Pregunta

In my AppDelegate method applicationDidFinishLaunching:

// Initialize here
NSLog(@"Application finished launching...");

MyMain* mainAccess;                    // To send messages to SAAMain
mainAccess = [[Main alloc] init];

NSLog(@"Setting title...");
version = @"v1.0";
[mainAccess setTitleVersion:version];   // Set Title with proper version

As you can see, I created an instance of my MyMain class in order to send a message to it (where all my important "main" methods are located). In this case, I'm trying to set the title.

My MyMain class has a method setTitleVersion and takes a NSString as a parameter (version).

NSLog(@"setTitleVersion called");

NSString *title = [NSString stringWithFormat:(@"Version: %@", version)];
//[_mainWindow setTitle:([NSString stringWithFormat:title])];
[_mainWindow setTitle:@"Test"];

NSString *mainWindowTitle = _mainWindow.title;
NSString *test2 = _mainWindow.value;
NSLog(@"_mainWindow.title: %@\n_mainWindow.value: %@", mainWindowTitle, test2);

I have an outlet of the main window attached to this MyMain class (as you can see with _mainWindow).

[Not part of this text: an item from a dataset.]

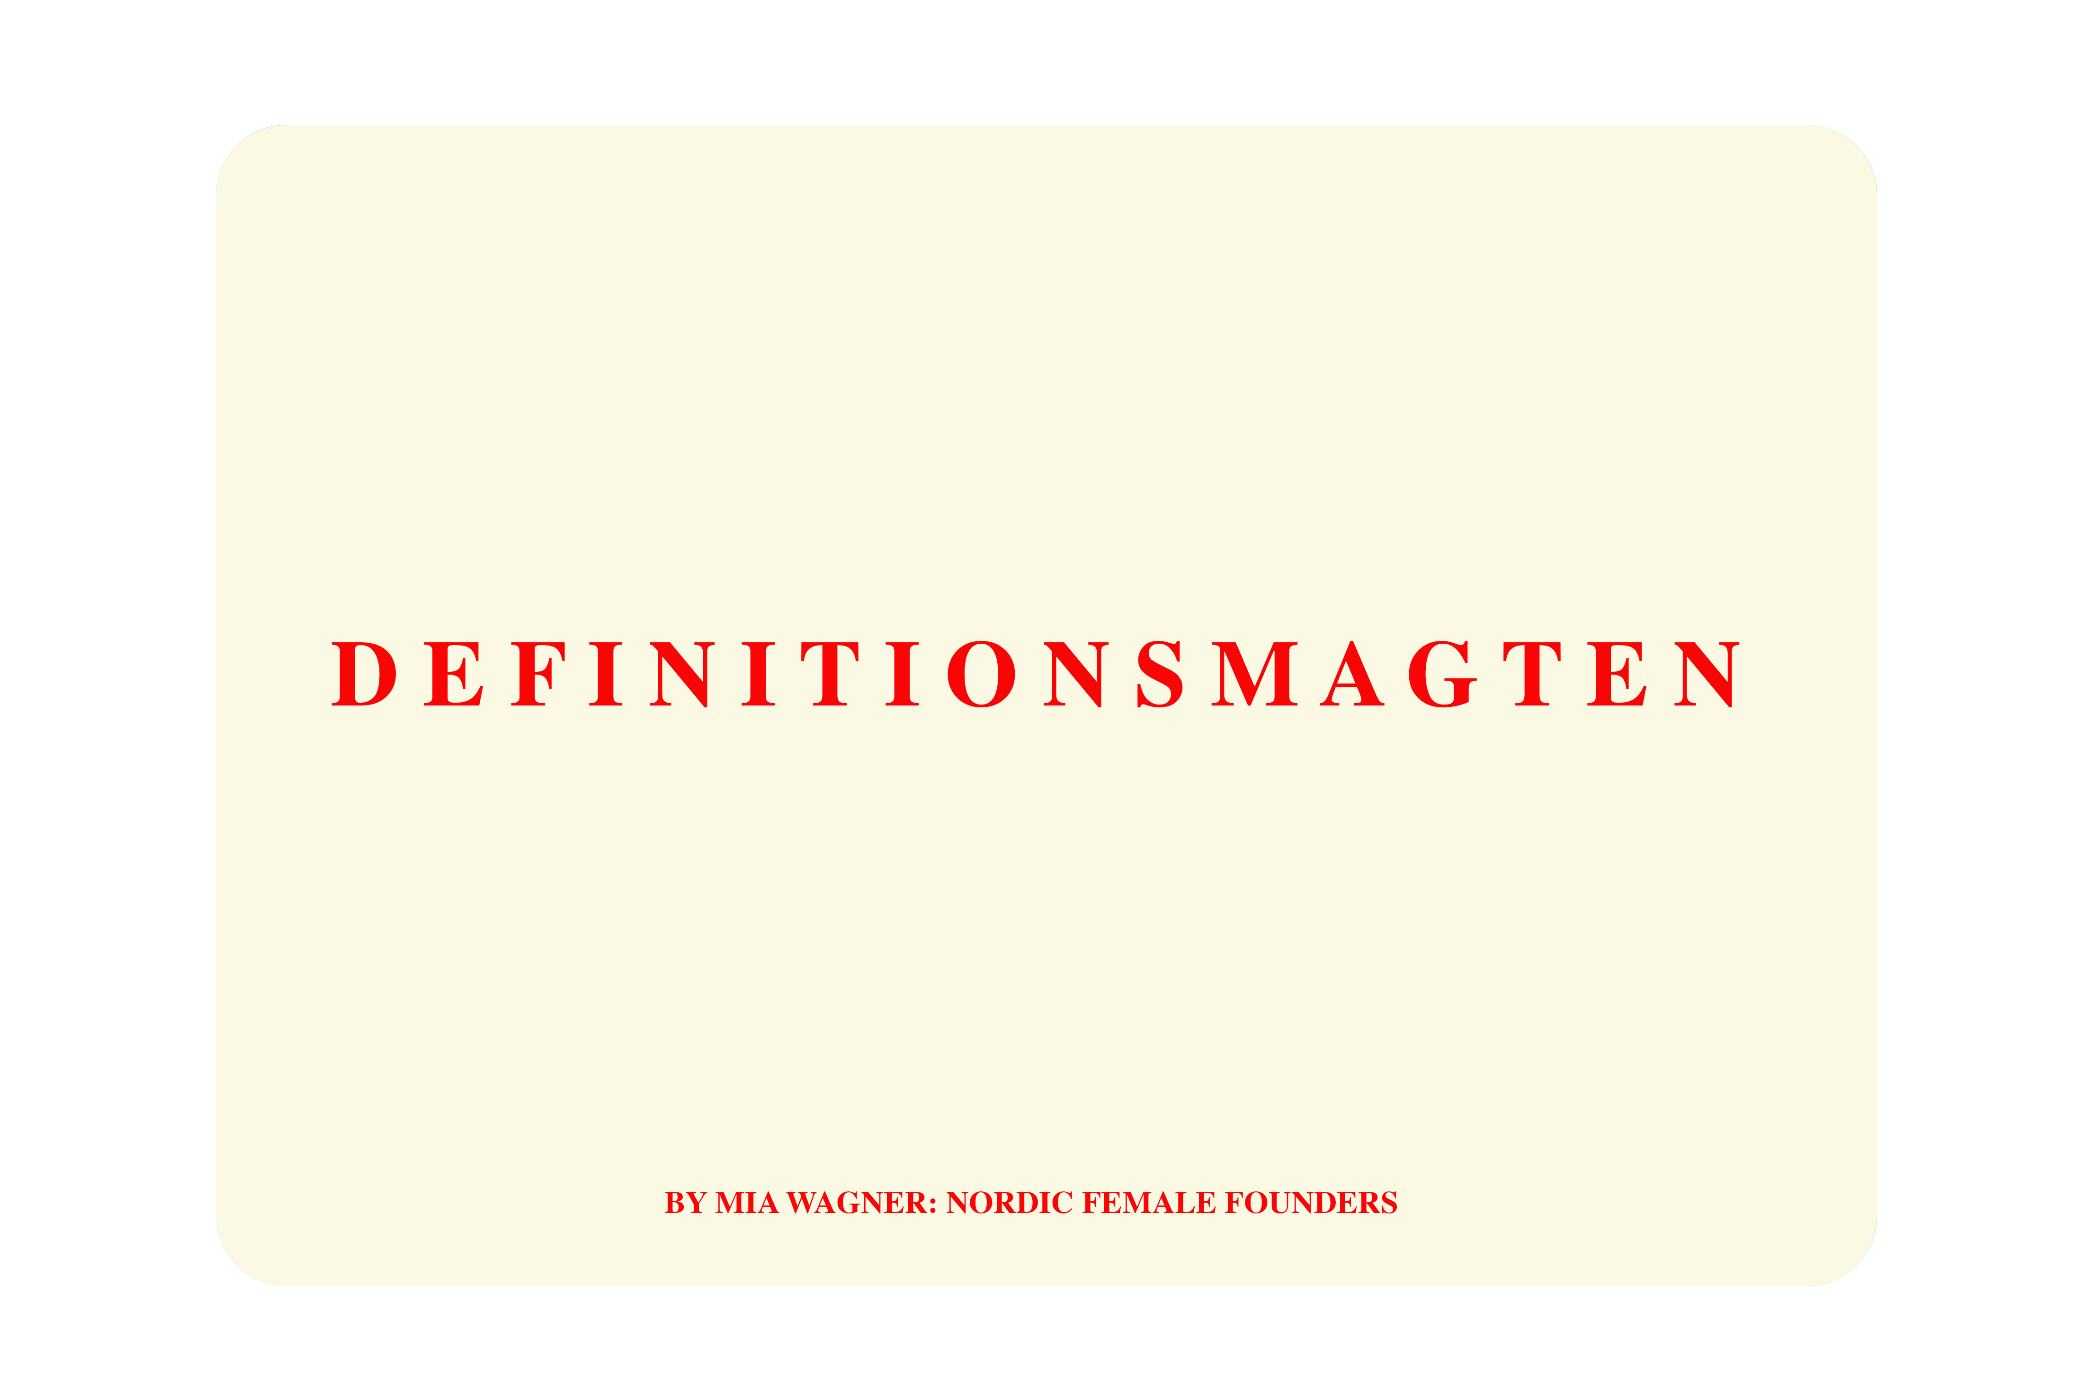 DEFINITIONSMAGTEN by Mia Wagner

I added some NSLogs to try to debug myself. Both the value and title come back as null.

What am I doing wrong? The method is getting called as I can see in the console output. It's as if the _mainWindow outlet isn't working properly.

¿Fue útil?

Solución

Suppose your child has a bowl of ice cream, and wants a cherry on top. You go to the freezer and get out the ice cream carton. You get a bowl out of the cabinet. You put some ice cream in the bowl. Now you have a bowl of ice cream. You get a cherry out of the refrigerator and put a cherry on it. Then you throw the bowl of ice cream (with cherry on top) away. Now you're confused, because your child's bowl of ice cream still has no cherry on top! What did you do wrong?

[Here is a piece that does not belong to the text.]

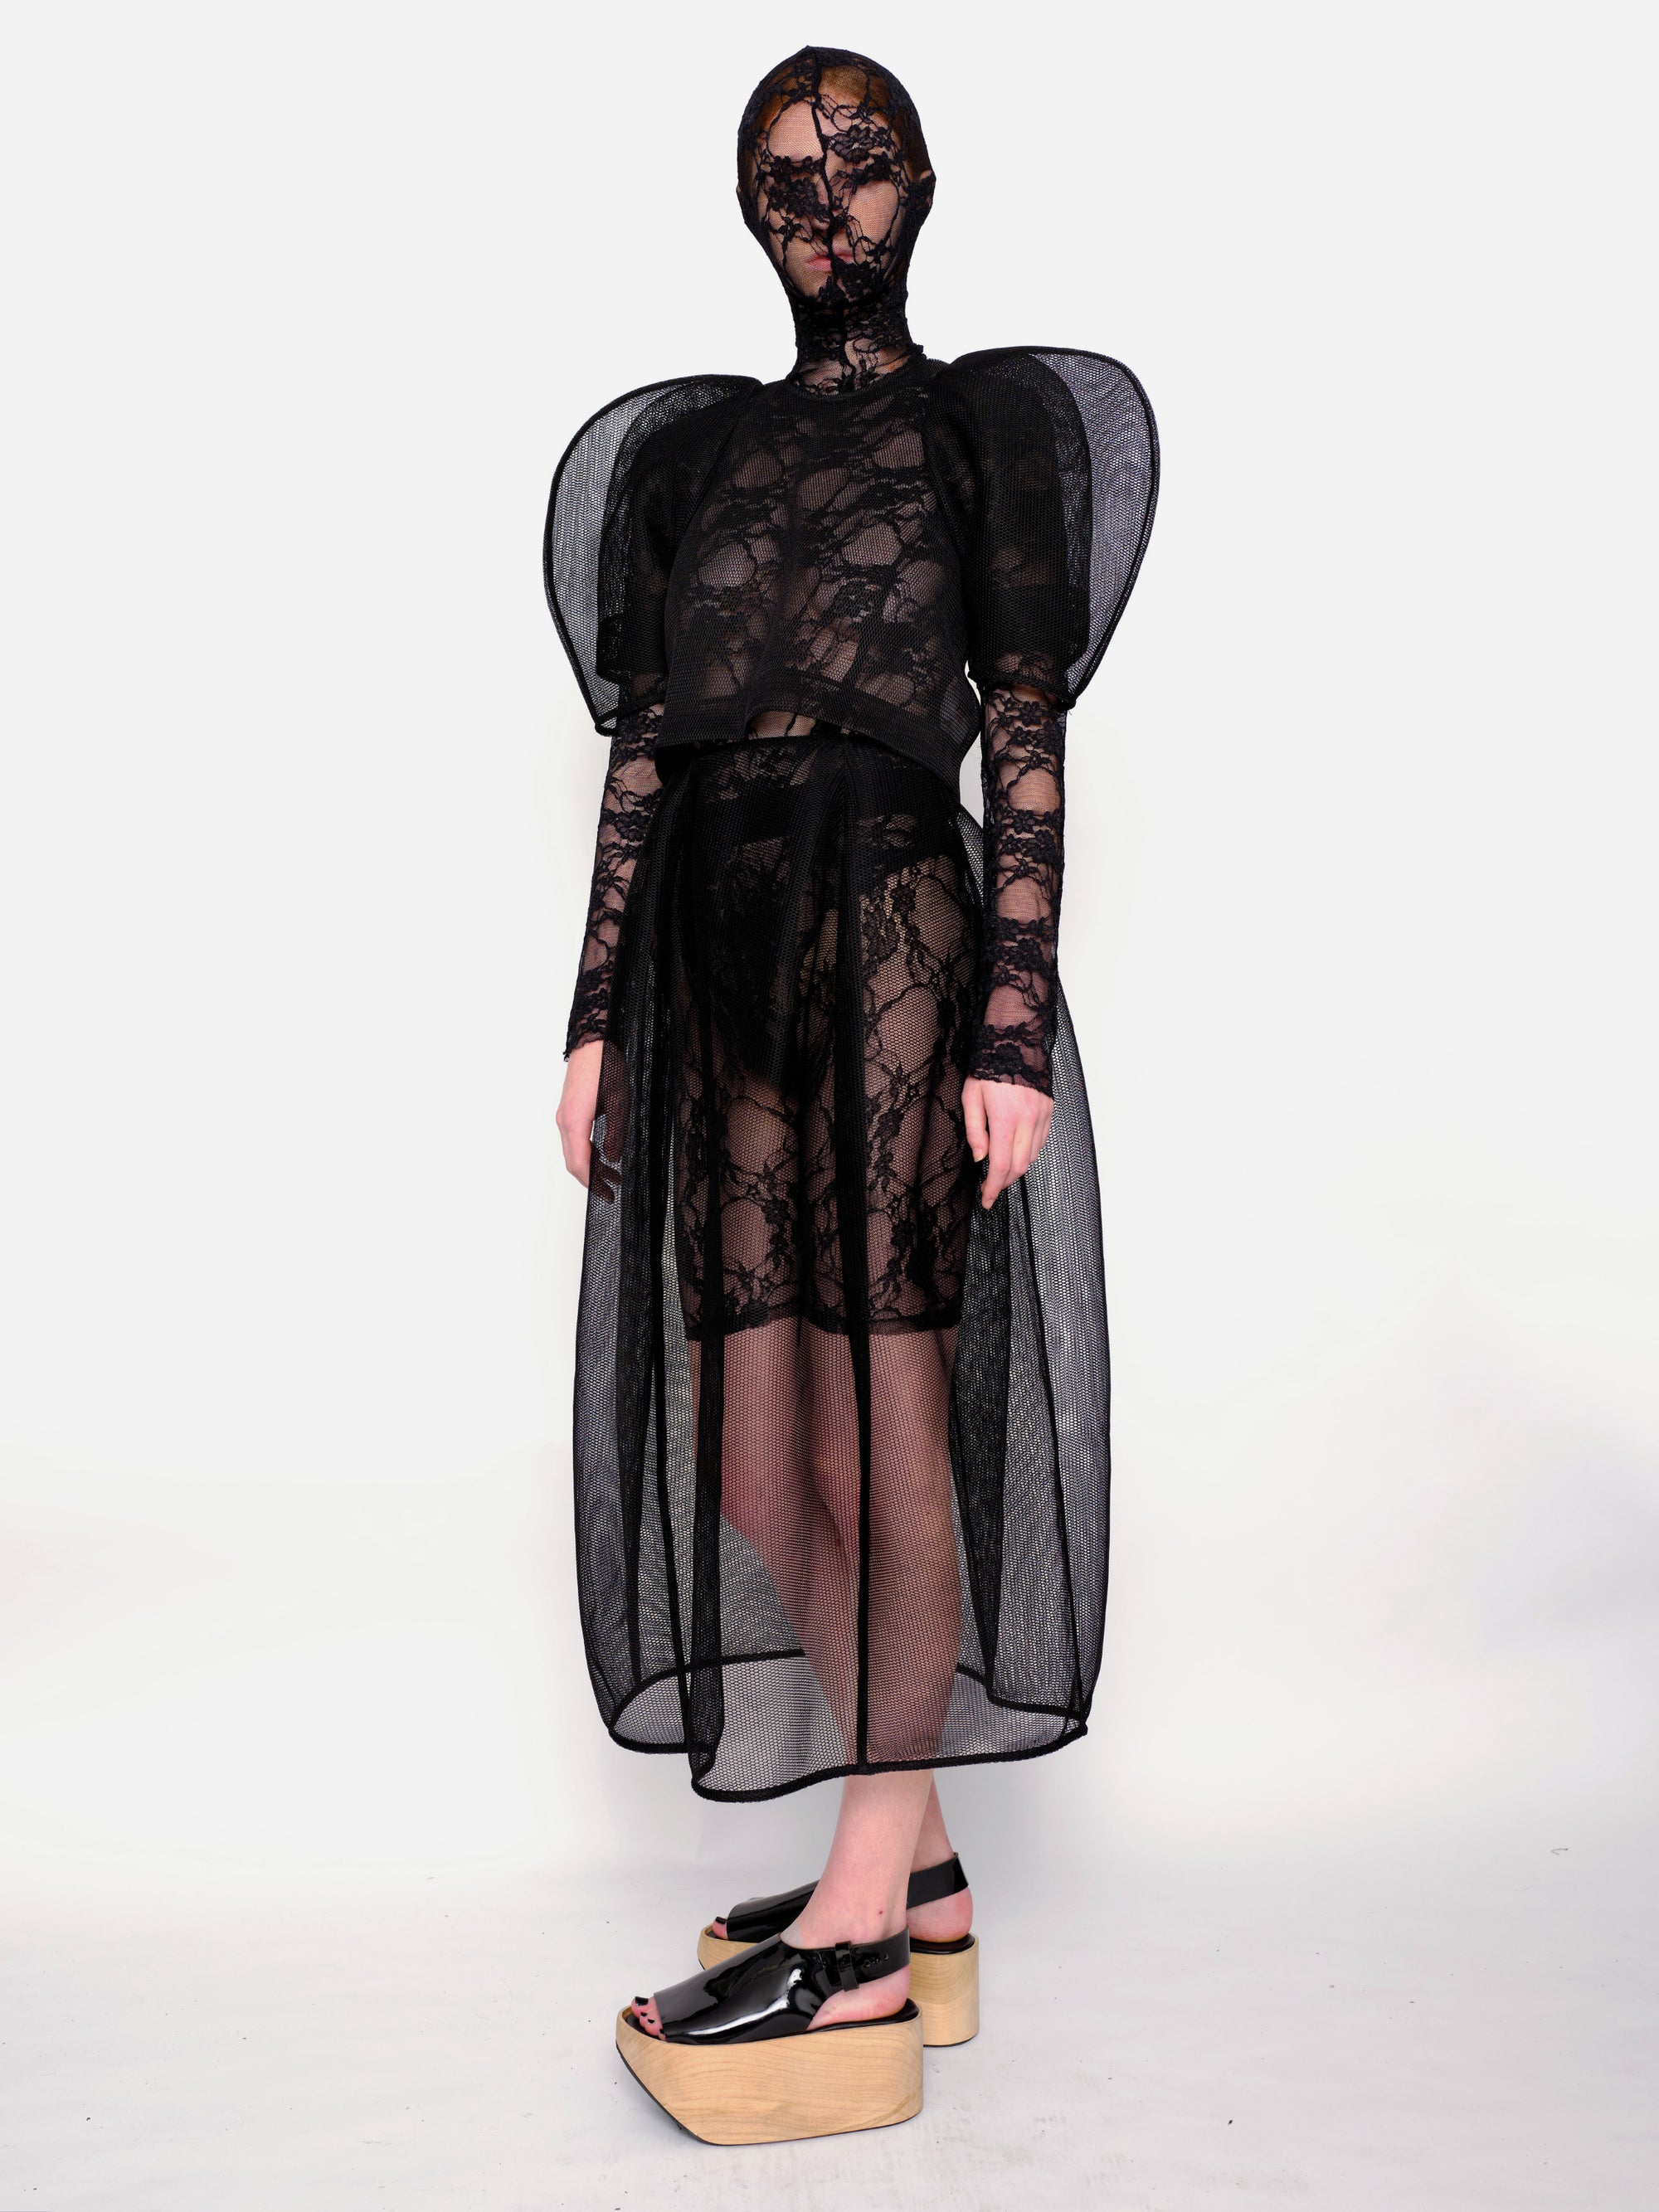 Woman-standing-against-white-background-wearing-Melitta-Baumeister's-black-head-covering-under-layer-covered-by-sheer-lace-dress-with-mesh-fabric-and-puffed-shoulders-and-wearing-platform-sandals

This scenario is a metaphor for your problem. You need to send the setTitleVersion: message to your existing instance of MyMain. You can't just create an entirely new instance of MyMain, send the message to it, and then throw away that new instance.

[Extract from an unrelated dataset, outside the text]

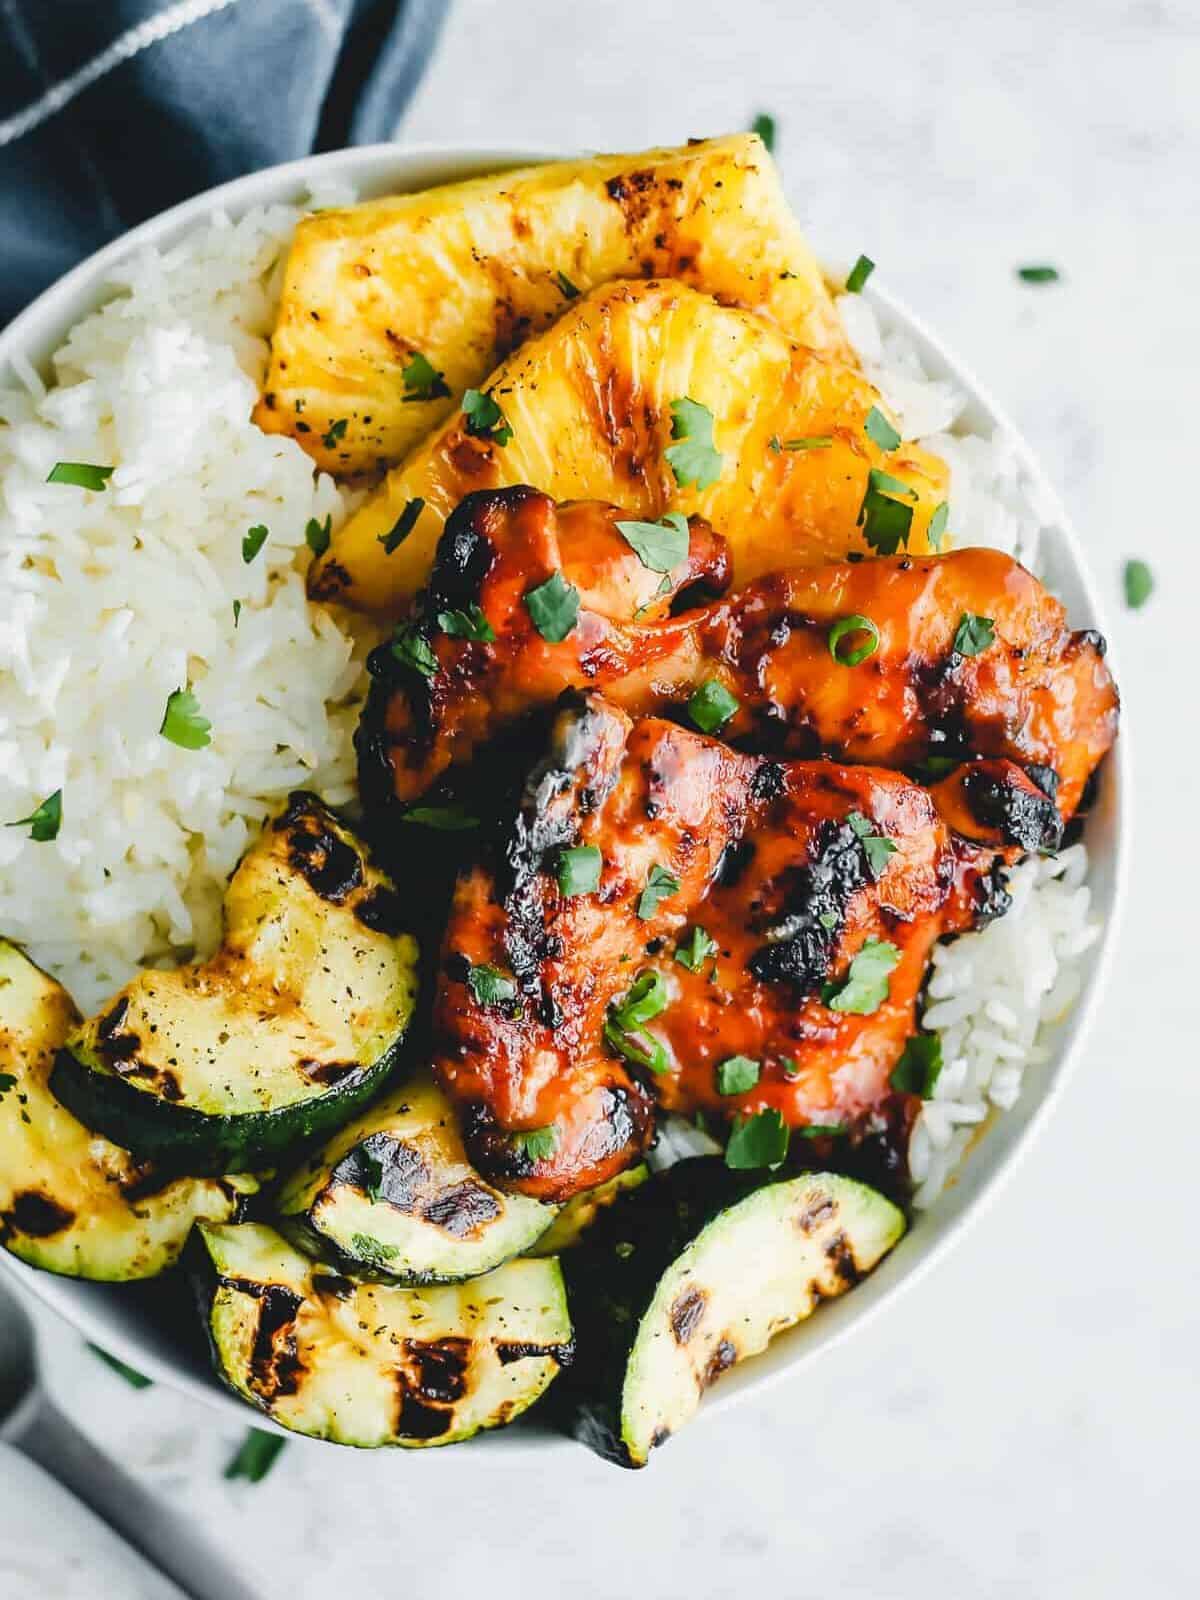 grilled huli huli chicken with pineapple and veggies on plate of rice

Your comment on rdelmar's answer says that your existing instance of MyMain is in your main nib, and you have an outlet to it. I assume that means you have an outlet of type MyMain on your MyAppDelegate, and that the outlet is hooked up to a MyMain object in your nib. In that case, you want to send the setTitleVersion: message to the object in the outlet. If your outlet were named mainObject, you would do it like this:

[self.mainObject setTitleVersion:version];

If you haven't created an outlet in MyAppDelegate yet, you can create it and hook it up in one step using Xcode's assistant editor. Open the assistant editor and make sure it is showing MyAppDelegate.h. Then control-drag from the MyMain object in the nib into your @interface MyAppDelegate, like this:

create and connect new outlet

If you already have an outlet declared in your MyAppDelegate, you can connect it in the nib editor. Control-click on the My App Delegate placeholder in the nib's Objects list. Then, in the outlets pop-up, drag from the outlet's circle to the MyMain object placeholder, like this:

connect existing outlet

Otros consejos

You say you have an IBOutlet to connected to the Main class, but I'm a little confused as to what is what. First, you don't connect outlets to classes, you connect them to objects. It's hard to tell from your question, but I suspect the problem is that you're creating one instance of Main, mainAccess, in code, but that's not the instance that you have an outlet to in IB.